Results and Discussion

We developed the GNU-based Virus IDentification (GNUVID) system as a tool that automatically assigns a number to each unique allele of the ten open reading frames (ORFs) of SARS-CoV-2 (Wu, et al. 2020) (Figure 1A). GNUVID compressed the 696,860 ORFs in 69,686 high quality GISAID genomes (Supplementary Table 1) to 37,921 unique alleles in five minutes on a standard desktop, achieving 18-fold compression and losing no information. To create an ST for each isolate GNUVID automatically assigned 35,010 unique ST numbers based on their allelic profile (Supplementary Table 1). We then used a minimum spanning tree (MST) to group STs into larger taxonomic units, clonal complexes (CCs), which we define here as clusters of >20 STs that are single or double allele variants away from a “founder”. Using the goeBURST algorithm (Feil, et al. 2004; Francisco, et al. 2009) to build the MST and identify founders, we found 154 CCs (Figure 1A and Supplementary Table 1).

Figure 1.

Workflow for the GNUVID tool and its compression technique. A. Compression and classification. The tool starts by compressing the database of the 10 ORFs of each of the SARS-CoV-2 genomes to only include a unique sequence for each allele type. The tool then uses a whole genome multilocus sequence typing (wgMLST) approach by assigning an allele number to each gene nucleotide sequence in the virus’s genome creating a sequence type (ST) which is codified as the sequence of allele numbers for each of the ten genes in the viral genome. The STs are then linked into clearly defined clonal complexes (CCs) using goeBURST . B. Training a machine learning classifier. The CC-labelled genomes are then aligned to the SARS-CoV-2 reference genome (MN908947.3) and single nucleotide polymorphisms (SNPs) are called. The SNP matrix is then one-hot encoded and used to train a random forest classifier. The training followed a 5-fold cross-validation approach to assess the prediction capabilities of GNUVID according to four statistics (accuracy, precision, recall and F-score). TP, TN, FP and FN are true positives, true negatives, false positives and false negatives, respectively. C. New Genome classification by exact matching or prediction. GNUVID first tries to match each of the 10 ORFs from a query SARS-CoV-2 genome to an exact match in the compressed database to define an ST, and matches that to any associated CC. If no exact match is found due to novelty or ambiguity in any of the 10 ORFs, the query genome is aligned to the reference, one-hot encoded and a CC is predicted by the trained classifier.
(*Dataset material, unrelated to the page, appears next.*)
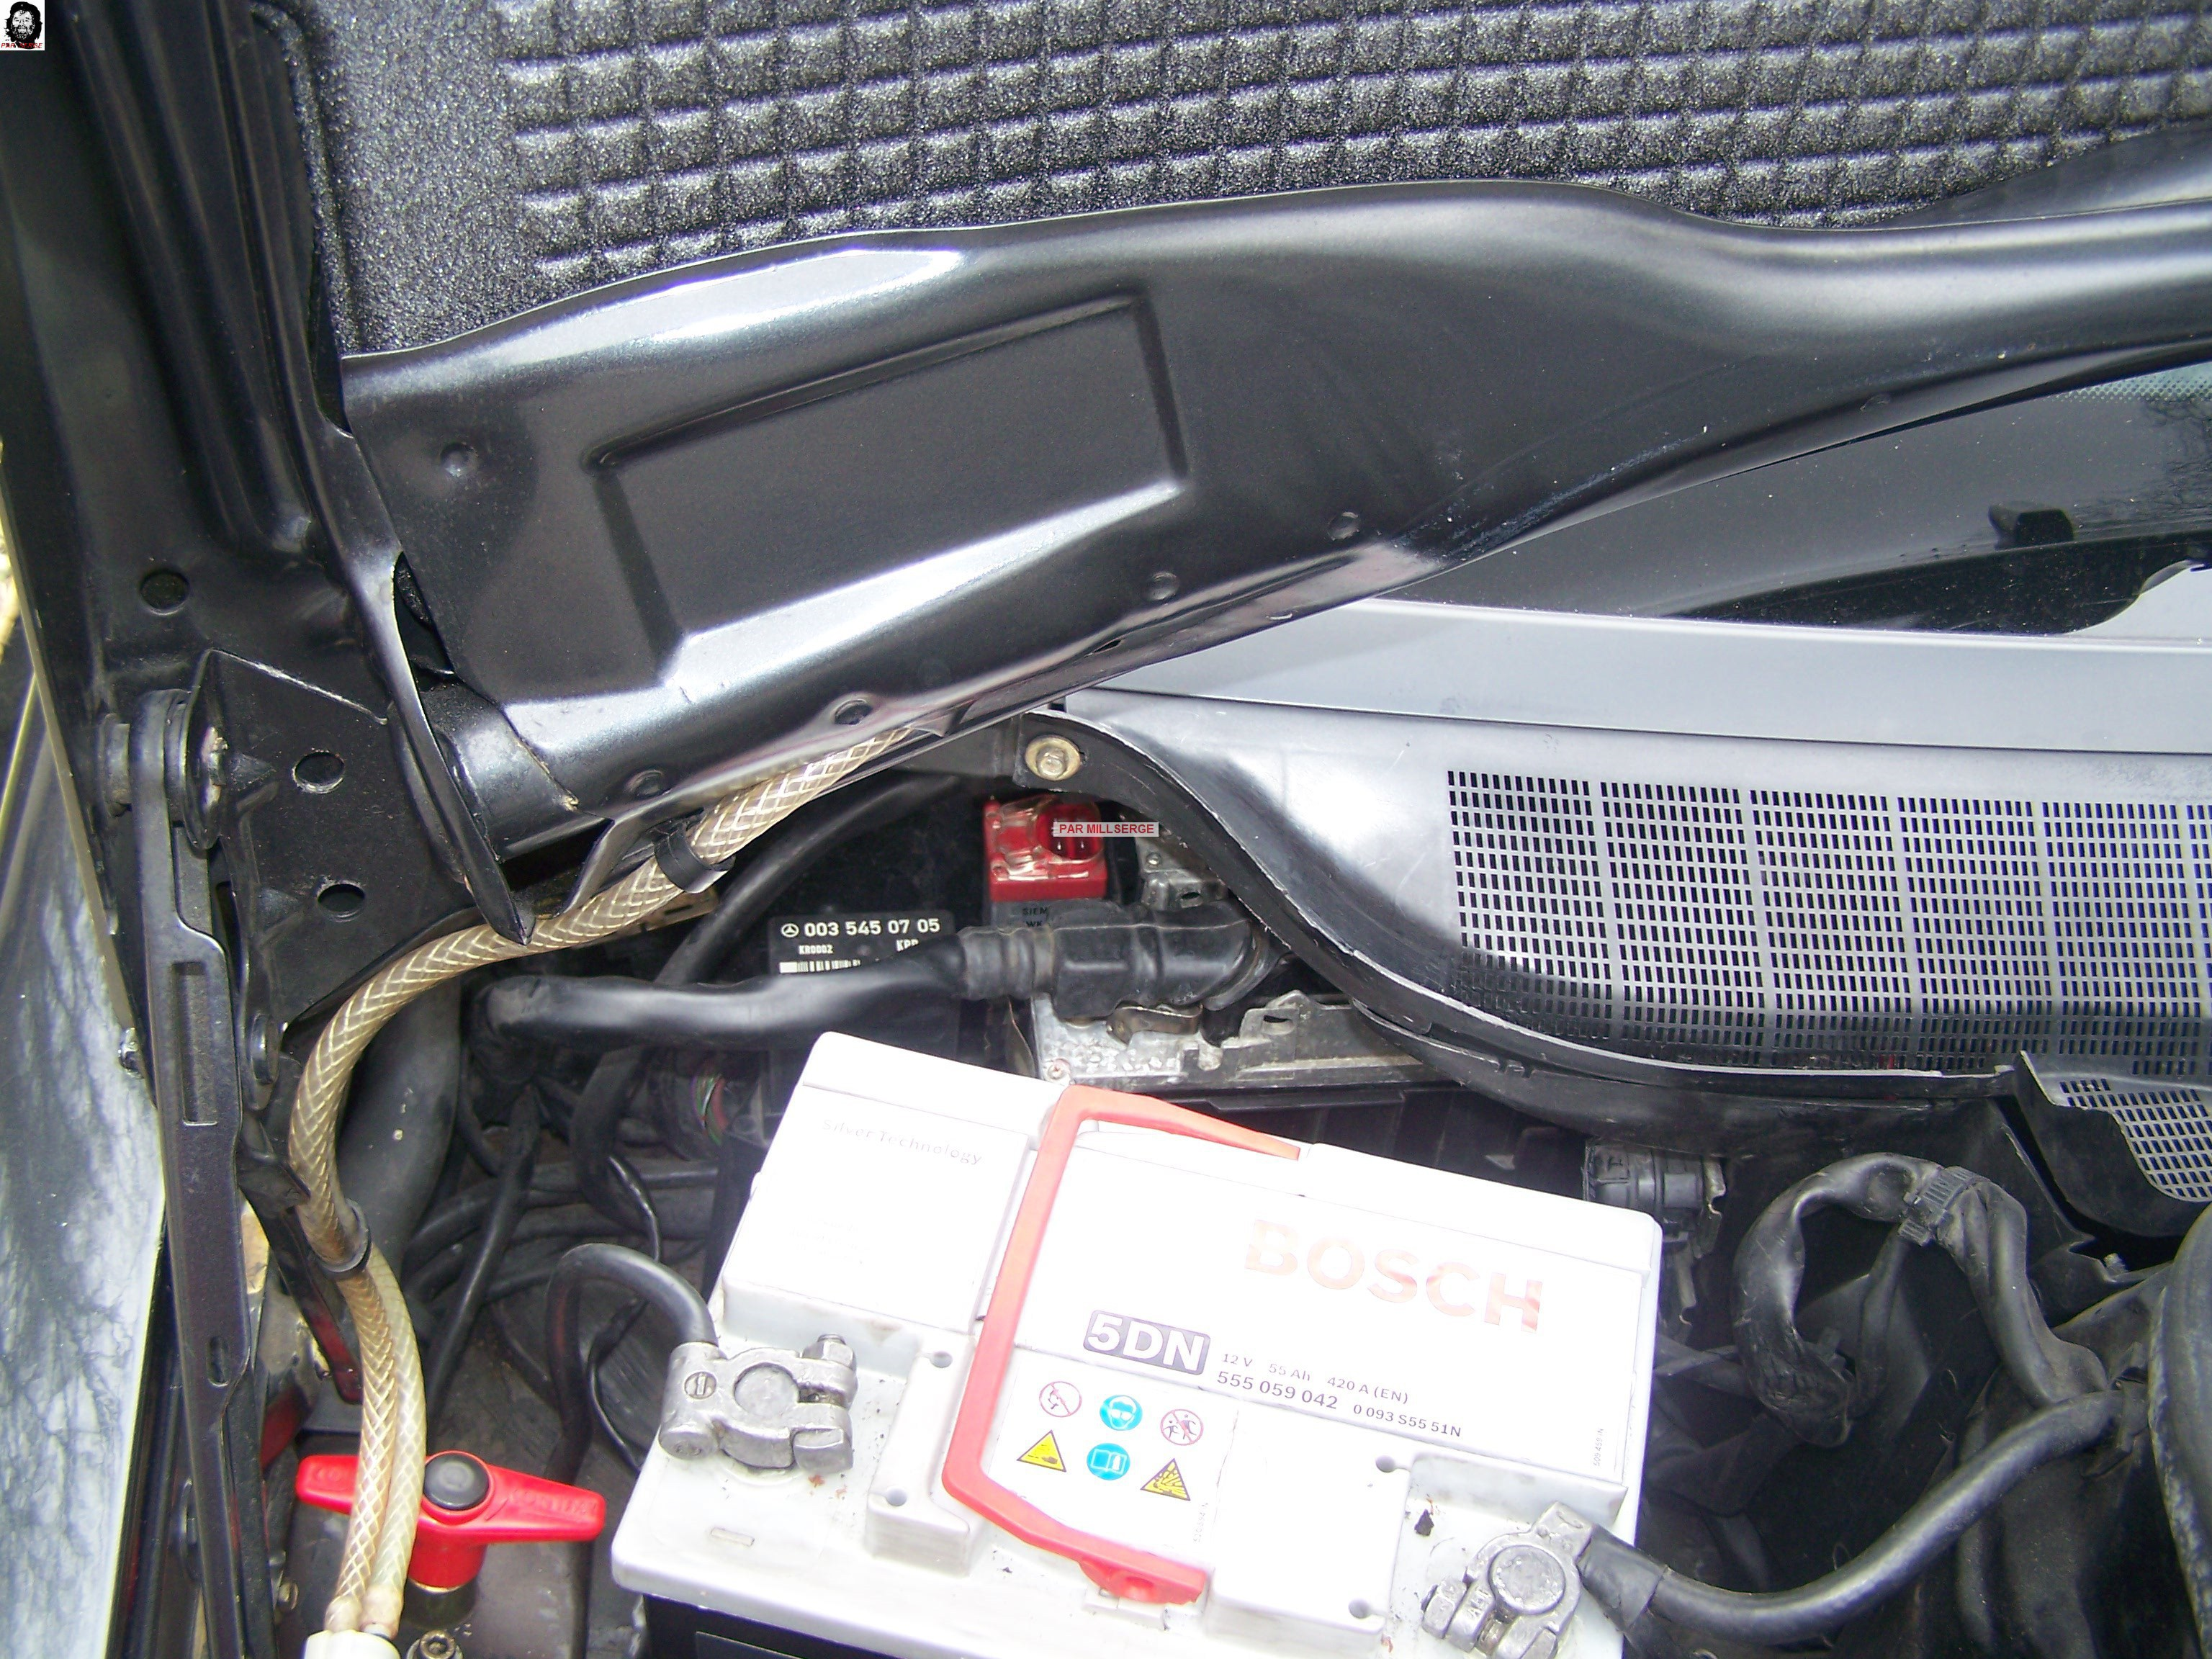 TUTO: Retrait d'une SERPI STAR MK 130-V 9840565Demontagebatteriepouraccderauxrelais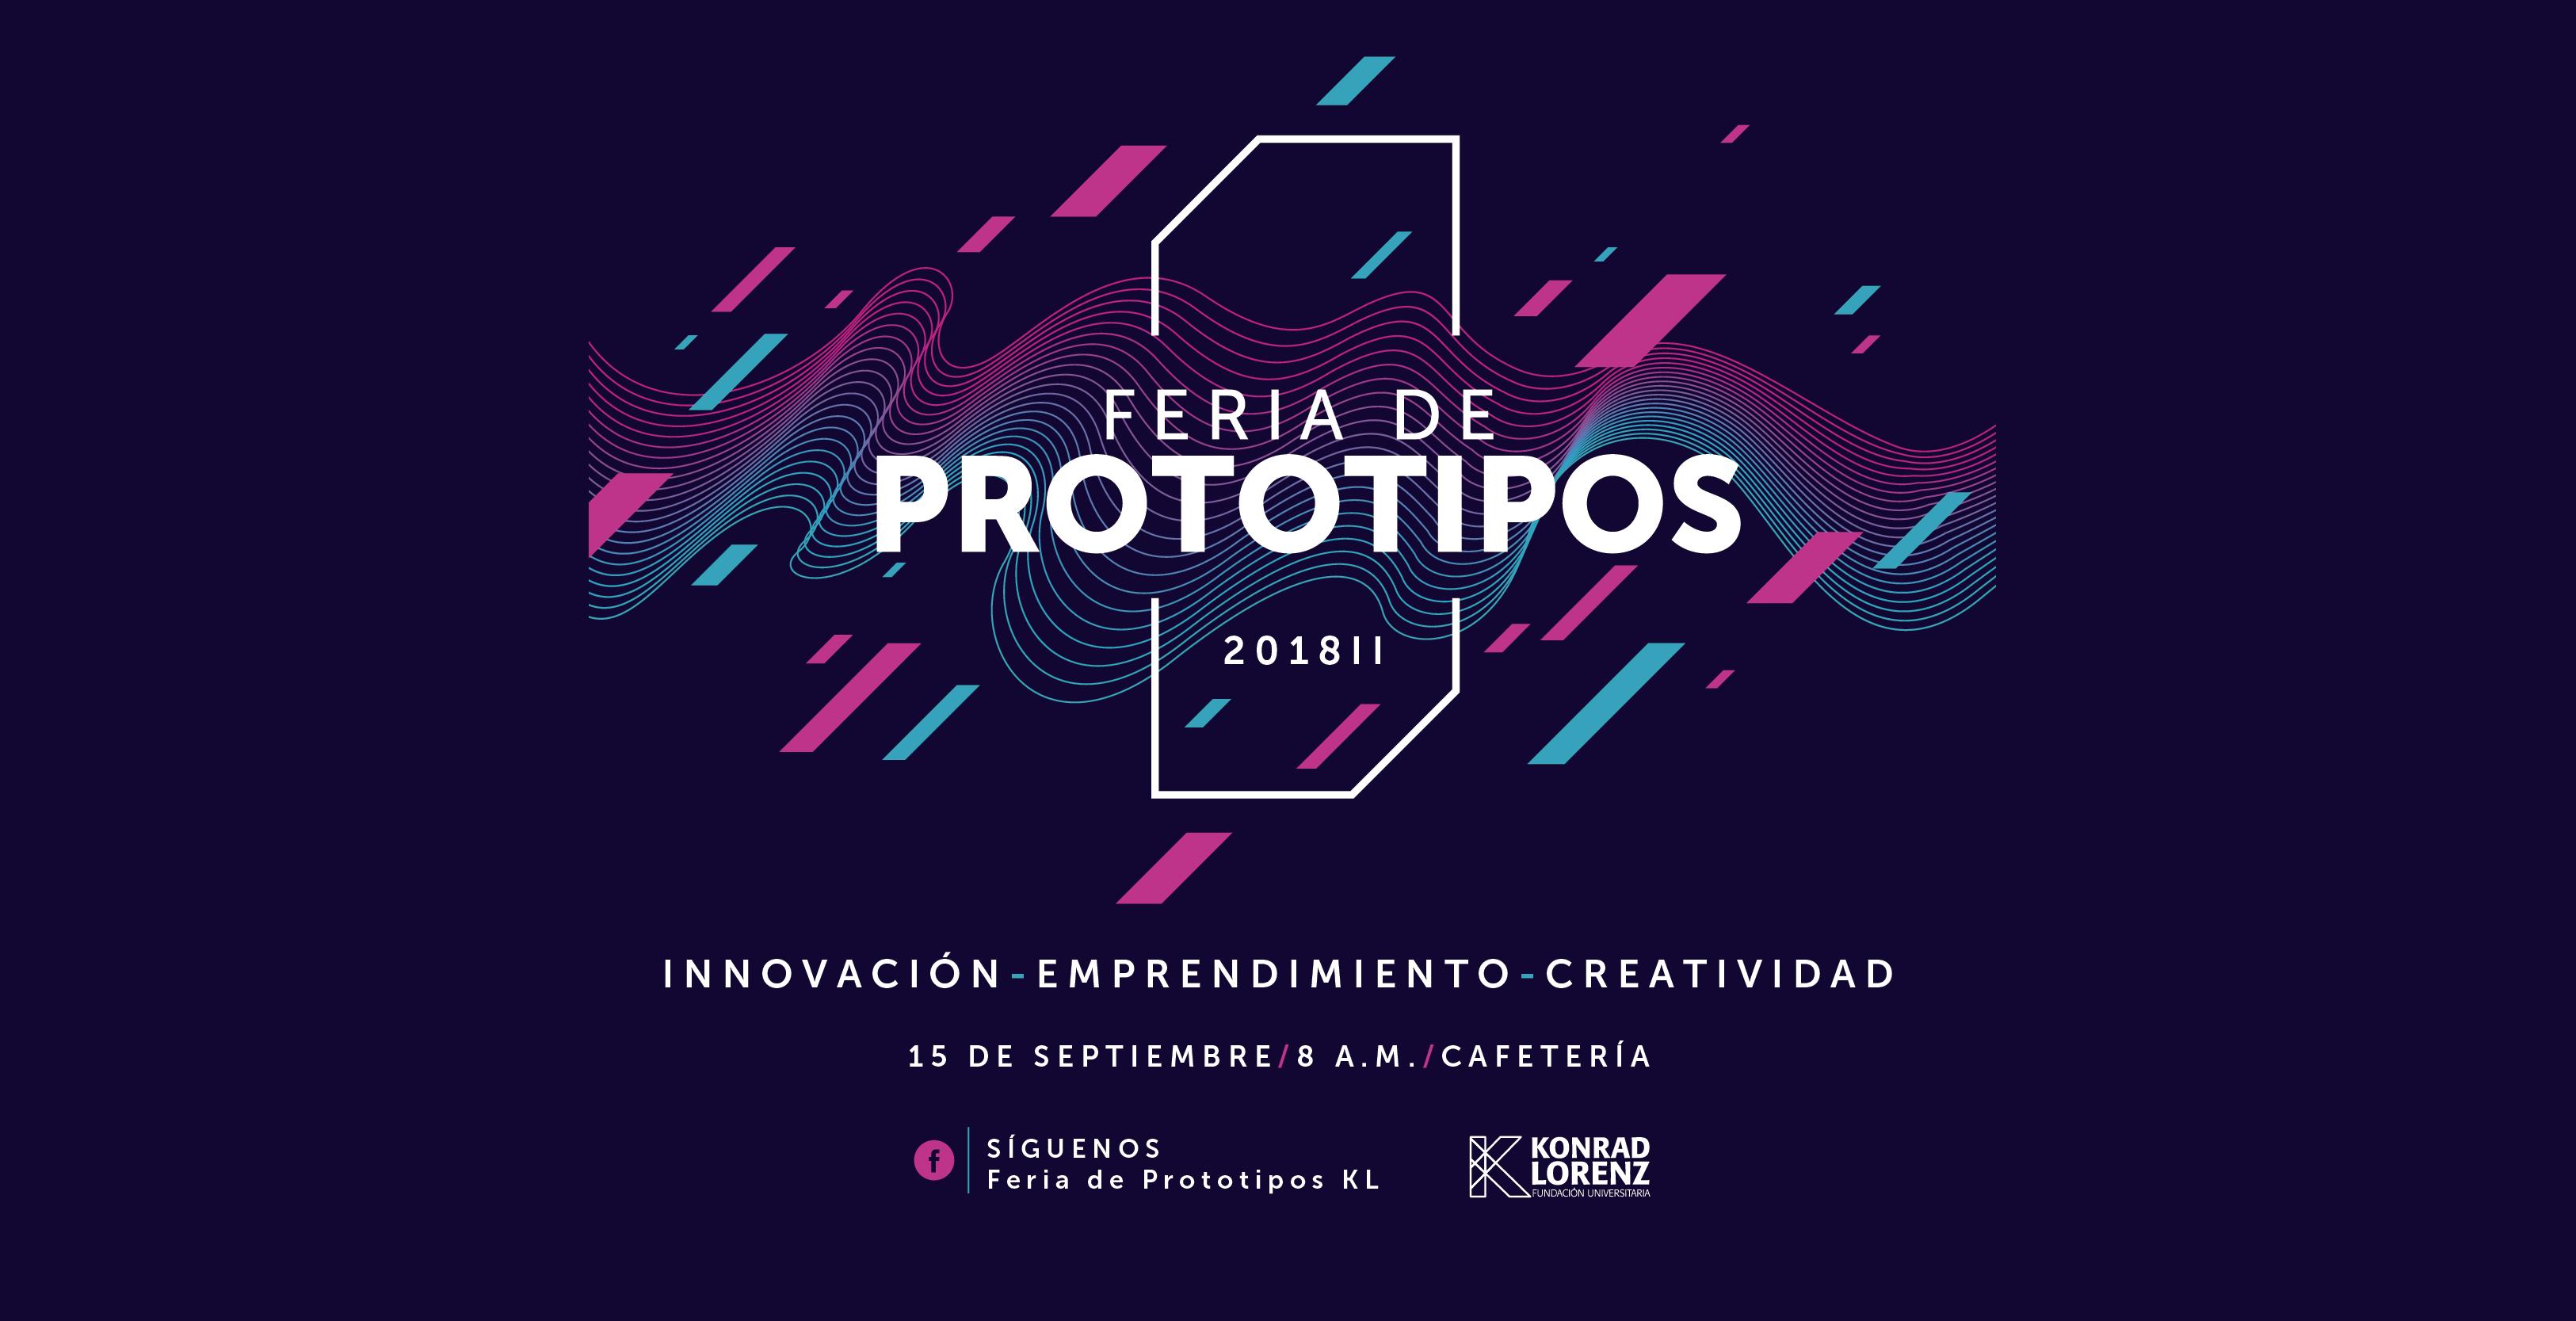 Feria de Prototipos 2018-II

A report is then created showing the allele number of each ORF, ST, CC and a probability of membership in the CC. D. Map of SARS-CoV-2 virus genome showing the length in base pairs (bp) of the ten ORFs and numbers of alleles in the current database 69,686 isolates. The majority of the identified 37,921 unique alleles (69%) are for ORF1ab which represents 71% of the genome length. Strikingly, the two highest ratios (number of alleles/ORF length) are for the nucleocapsid protein (2.2) and ORF3a (2.1) while the spike protein had a ratio of 1.32.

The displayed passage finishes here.